THE RECORDS
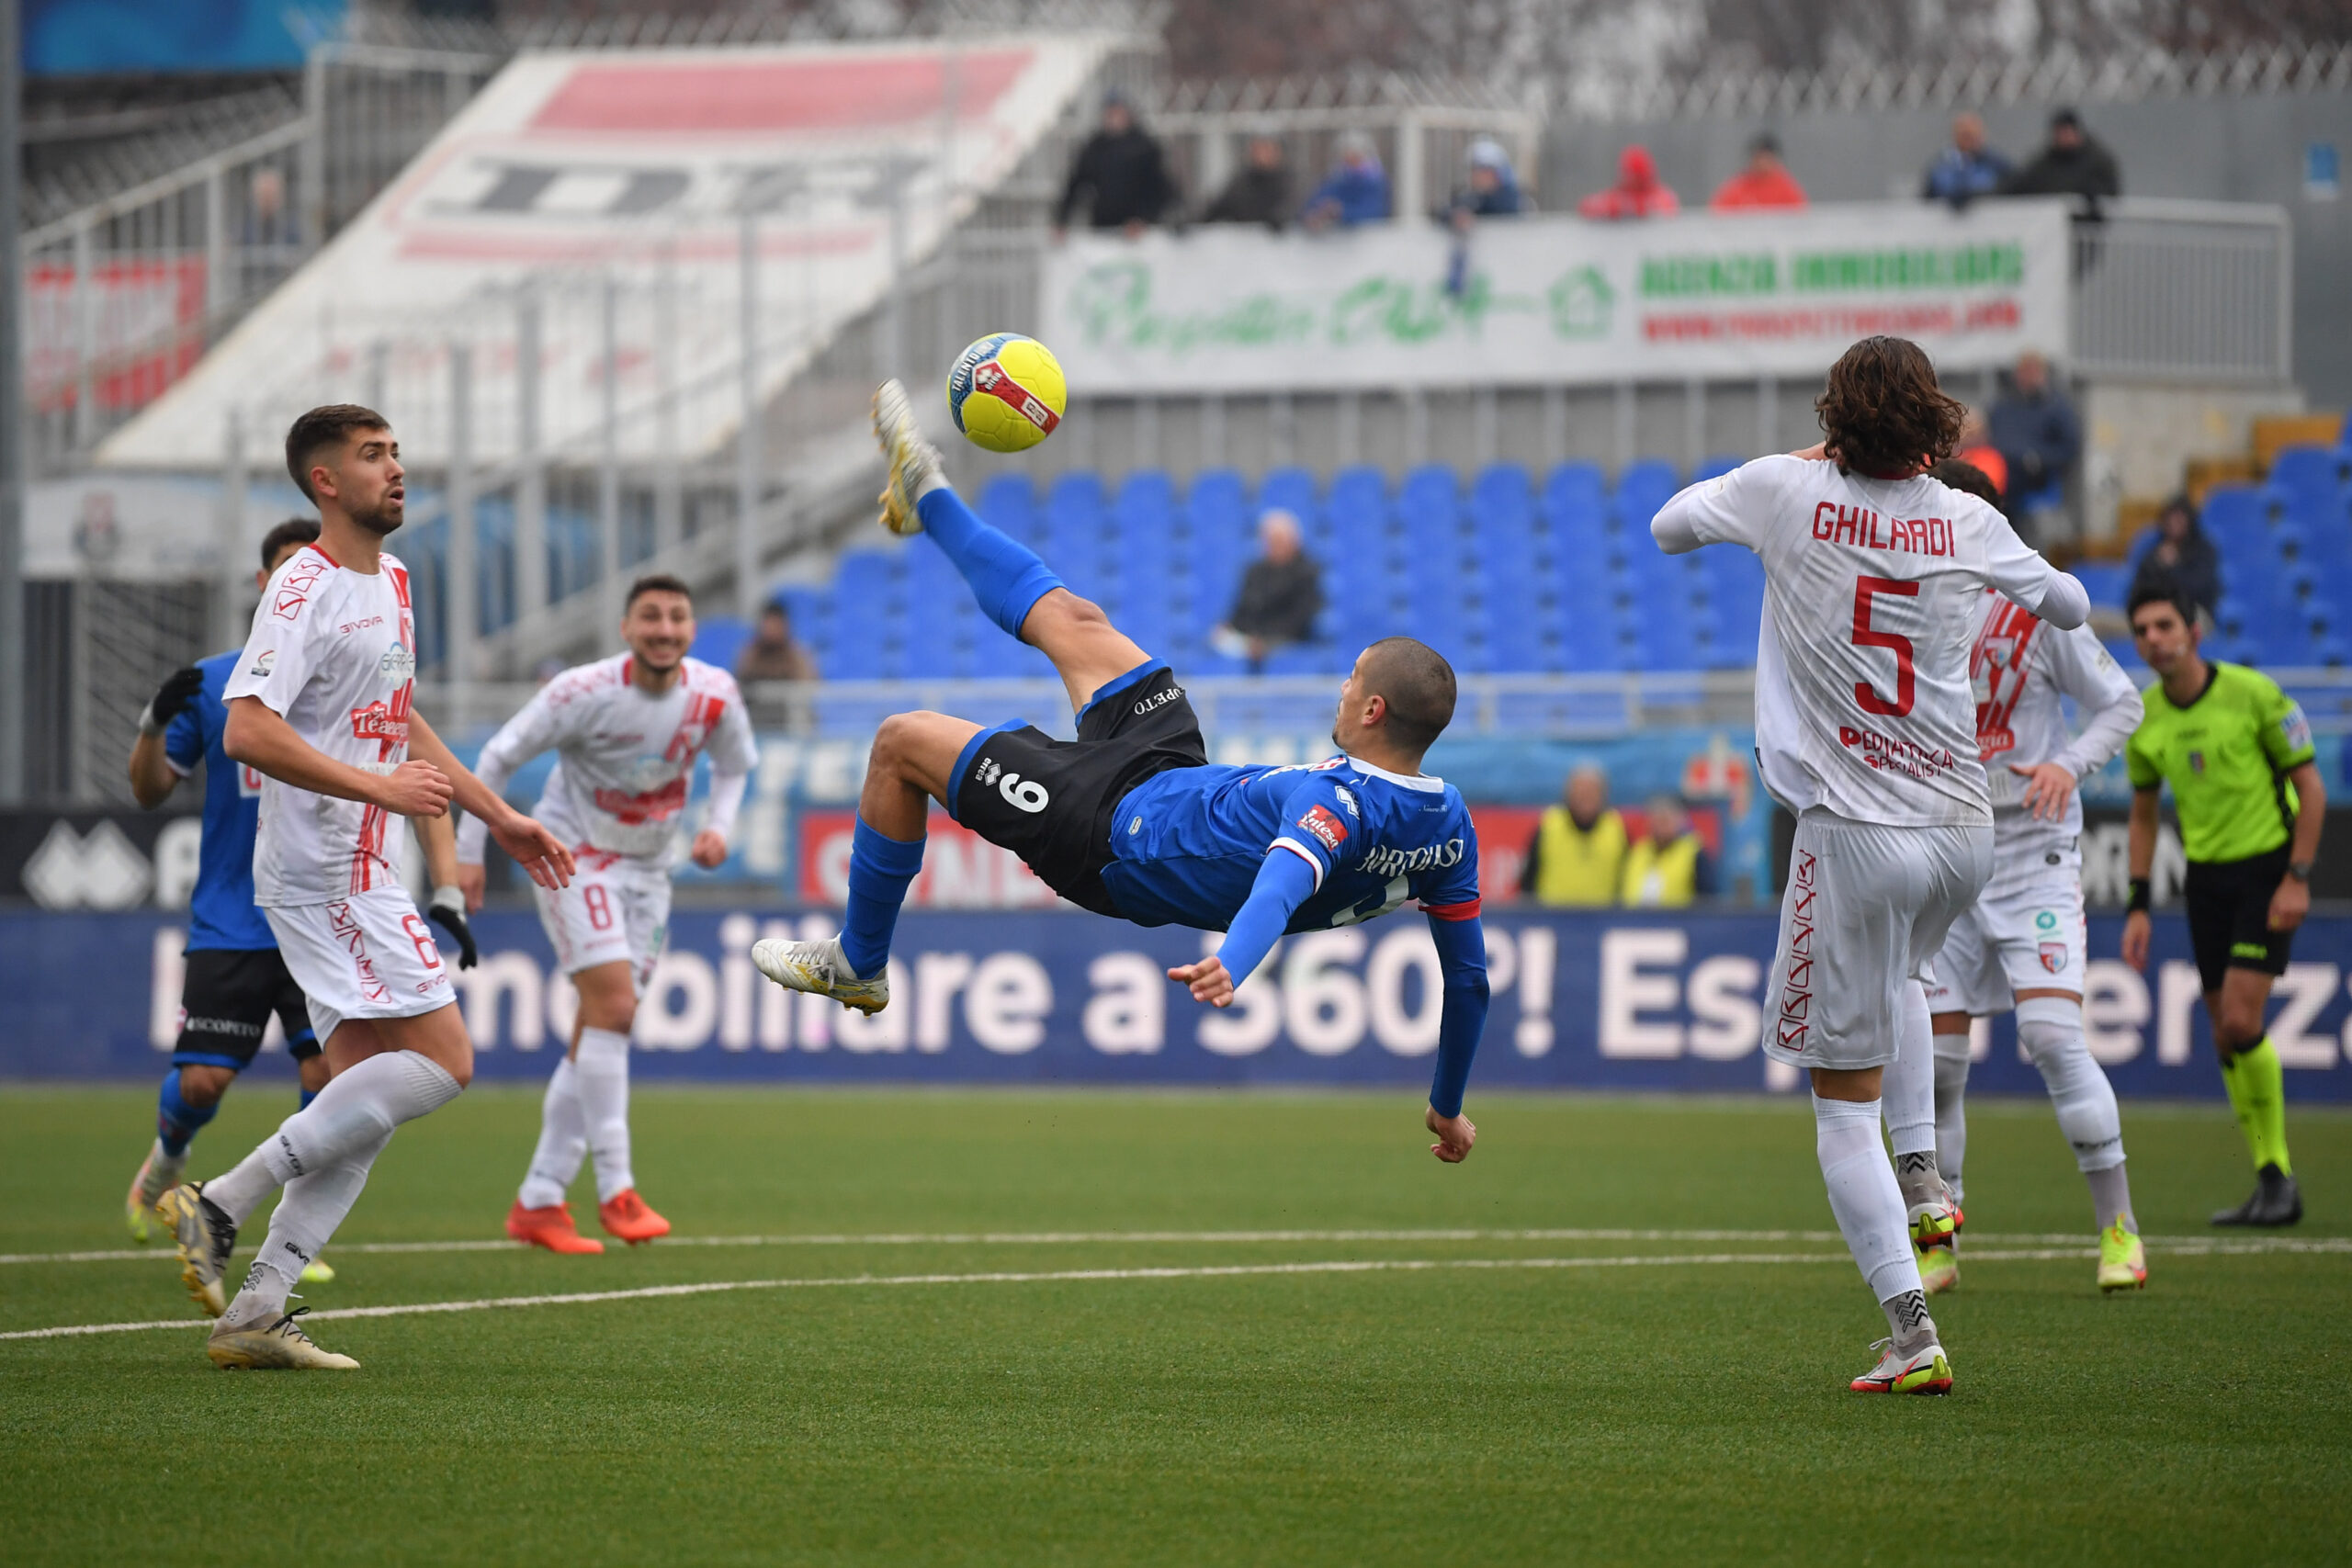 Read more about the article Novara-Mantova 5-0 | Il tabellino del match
...
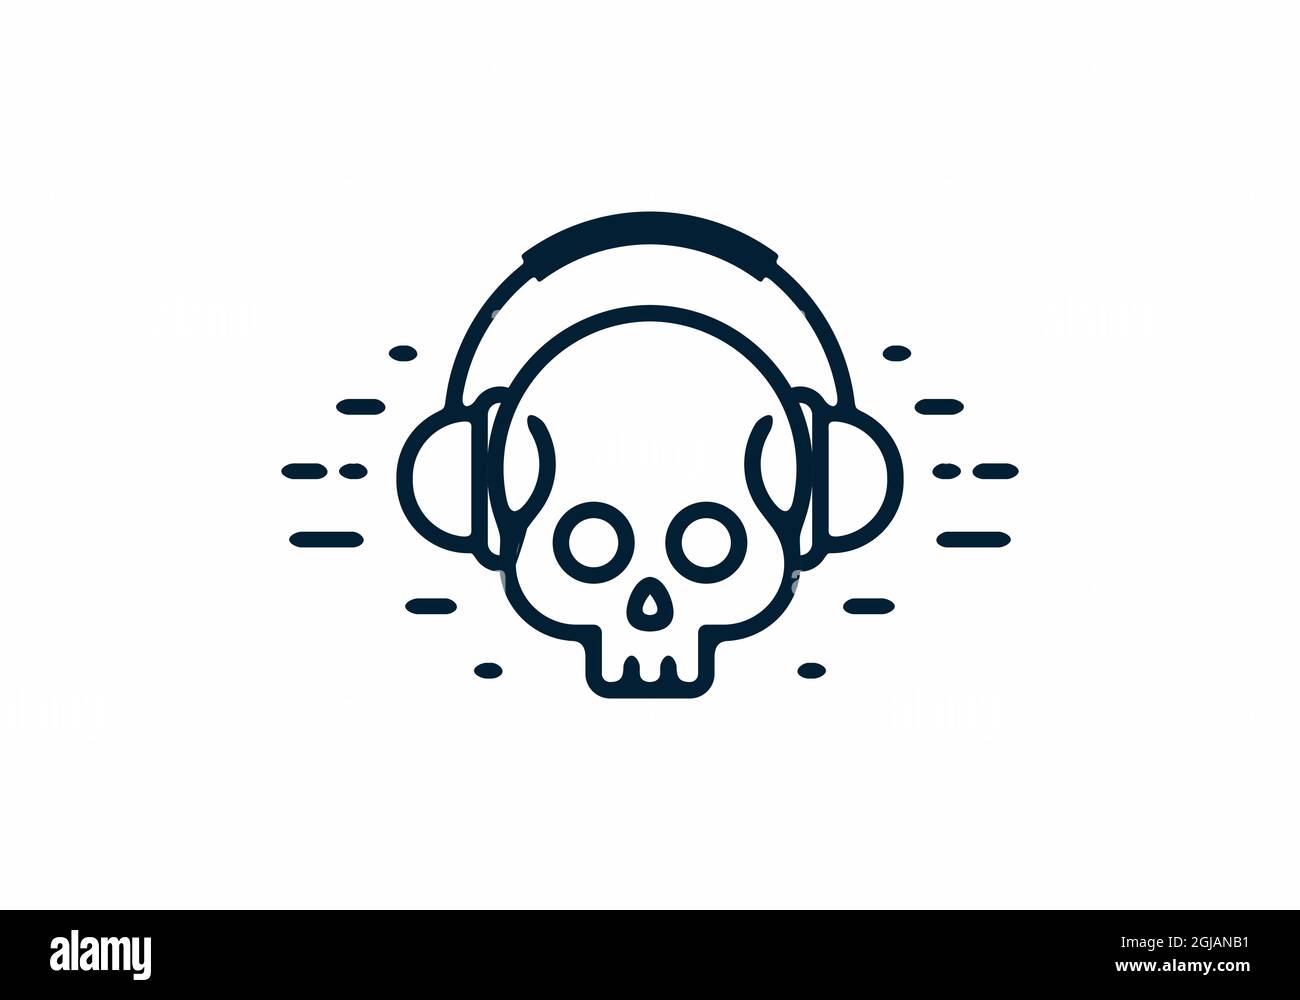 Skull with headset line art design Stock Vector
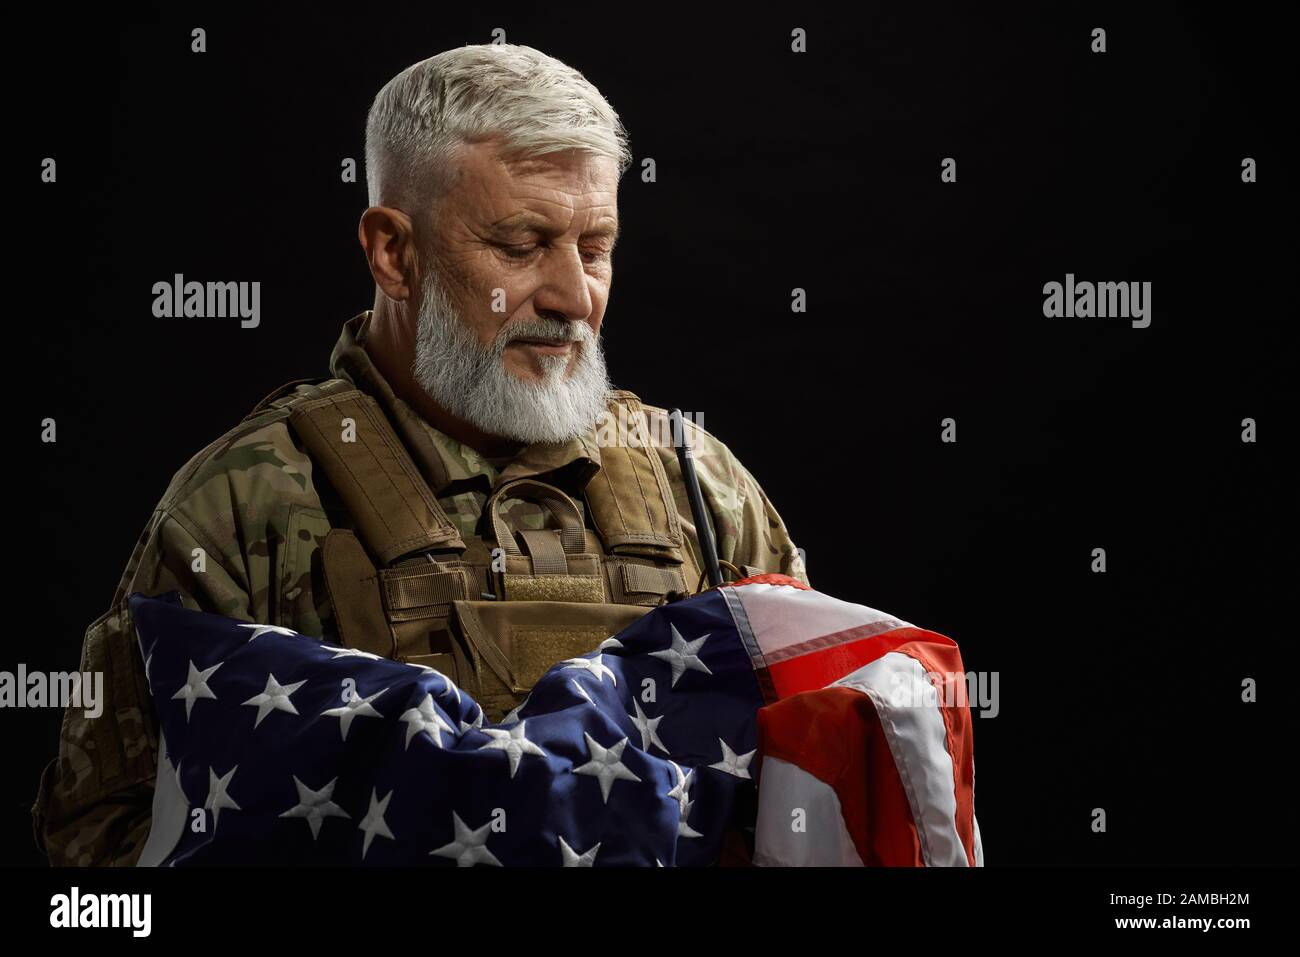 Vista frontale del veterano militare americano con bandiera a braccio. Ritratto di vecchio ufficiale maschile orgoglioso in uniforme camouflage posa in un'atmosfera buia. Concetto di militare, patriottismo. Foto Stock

TASK STATEMENT
Starting from the line with "Skull with headset" in the records above, repeat each line exactly until you have written the line with "Vista frontale del", then stop; drop the pictures.

RESULT OF THIS EXERCISE
 Skull with headset line art design Stock Vector
 Vista frontale del veterano militare americano con bandiera a braccio. Ritratto di vecchio ufficiale maschile orgoglioso in uniforme camouflage posa in un'atmosfera buia. Concetto di militare, patriottismo. Foto Stock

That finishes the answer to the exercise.